THERE comes a day when every American president has his shot at immortality. Twenty years ago, in August 1975, Jimmy Carter, one of bullyboy America's rare presidential doormats, desperately wanted an unique event to pump steroids into his image of a gentle, bumbling urpacifist. He also wanted something to immortalise his contributory squeak to history's clamour -- that shortlived but radical political aberration, detente. And what better than a danse de deux between 2 enemy spacecraft, the American Apollo 18 and the Russian Soyuz 19?
And so with the latest Atlantis-Mir docking 395 km above Earth. History photocopied itself for the benefit of beleaguered presidents Clinton and Yeltsin when American commander Robert "Hoot" Gibson and Russian cosmonaut Anatoli Solovyev met after the docking: these were the 2 ex-fighter pilots who had warily shaken hands 20 years ago.

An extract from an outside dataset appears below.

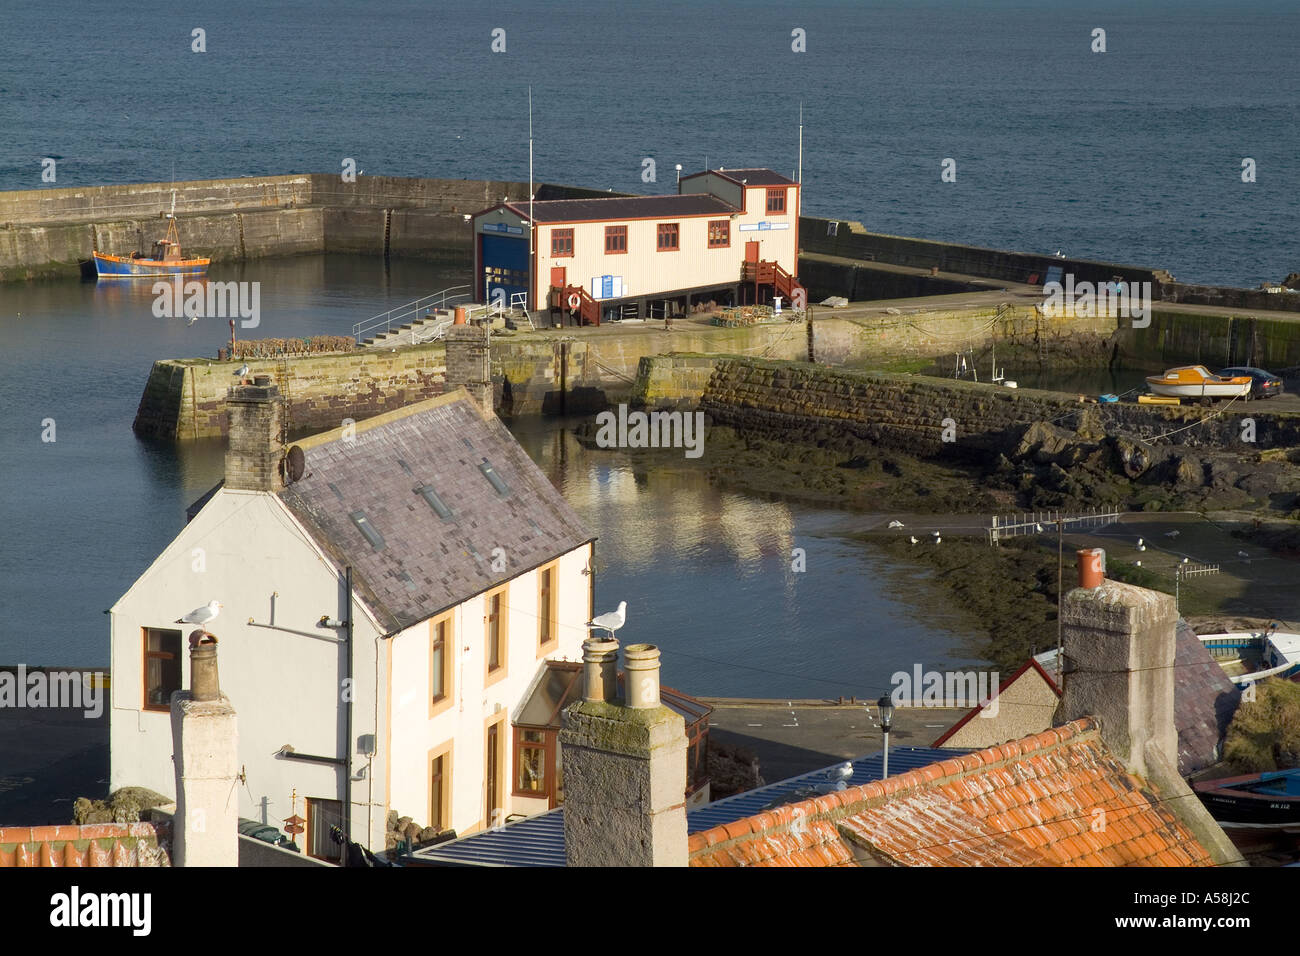 dh ST ABBS CONFINI villaggio di pesca case RNLI stazione salvagente porto scozzese porto di scozia Foto Stock

Gibson's first words were relics from the mothballed dictionary of the Cold War: "We have capture." Utterly anachronistic -- because this time round in a much-prophesied but glum unipolar world, the orbital handshake was less a gesture for media snapshots and more the sealing of a compact which will probably, given that the present temperate status quo is maintained, culminate in an early 21st century landing on Mars.
And it is Russia that has the experience -- of Valery Polyakov's mindnumbing 438-day-long space solitude, of unaccustomed no-gravity anatomical upsets, of spaceship endurance in the face of a constant hail of marble-sized meteorites -- and a lot of the hardware for a Mars landing (including a gigantic dust-covered Energia rocket, discovered at the rusting Baikonur facility, capable of the 3-year round trip to Mars). What it doesn't have -- pity its threadbare space budget of US $200 million -- is the money to attempt it. America has the money.
(Not surprisingly, there is a canny financial side to NASA's willingness to cohabit with the Russian Space Agency, its catchall hostile bogeyman ever since President Yeltsin created and demilitarised the Agency in 1992: with Congress recklessly budget-cutting with a cleaver, the US $400 million that NASA will pay Russia for the 6 forthcoming Mir dockings is piddling compared to its Cold War space imprest account of US $40 billion.). The US has also saved more than a fortune following the virtual shelving of former President Reagan's trillion dollar Strategic Defense Initiative, which had rechannelled to itself substantial funds that would have otherwise gone to the space programme, which in any case was still in shock over the 1967 Apollo 13 fire that killed 3 astronauts and which set back the American space programme by a decade and a half.
Moreover, in the absence of mutual malice to keep their political systems harassing each other for internal stability, both countries have the need for a shared, unipolar, giant challenge to tide them over what looks increasingly like a bleak fin de siecle. What better than space, the final frontier?
Hello Mars
The recent docking, the first in a series of 7 till 1997, will culminate in a gigantic 460-tonne, football field-sized space station funded by global participants, a trampoline to Mars, perhaps beyond. It went better than expected. There was only one glitch, the seriousness of which was curiously downplayed by both parties.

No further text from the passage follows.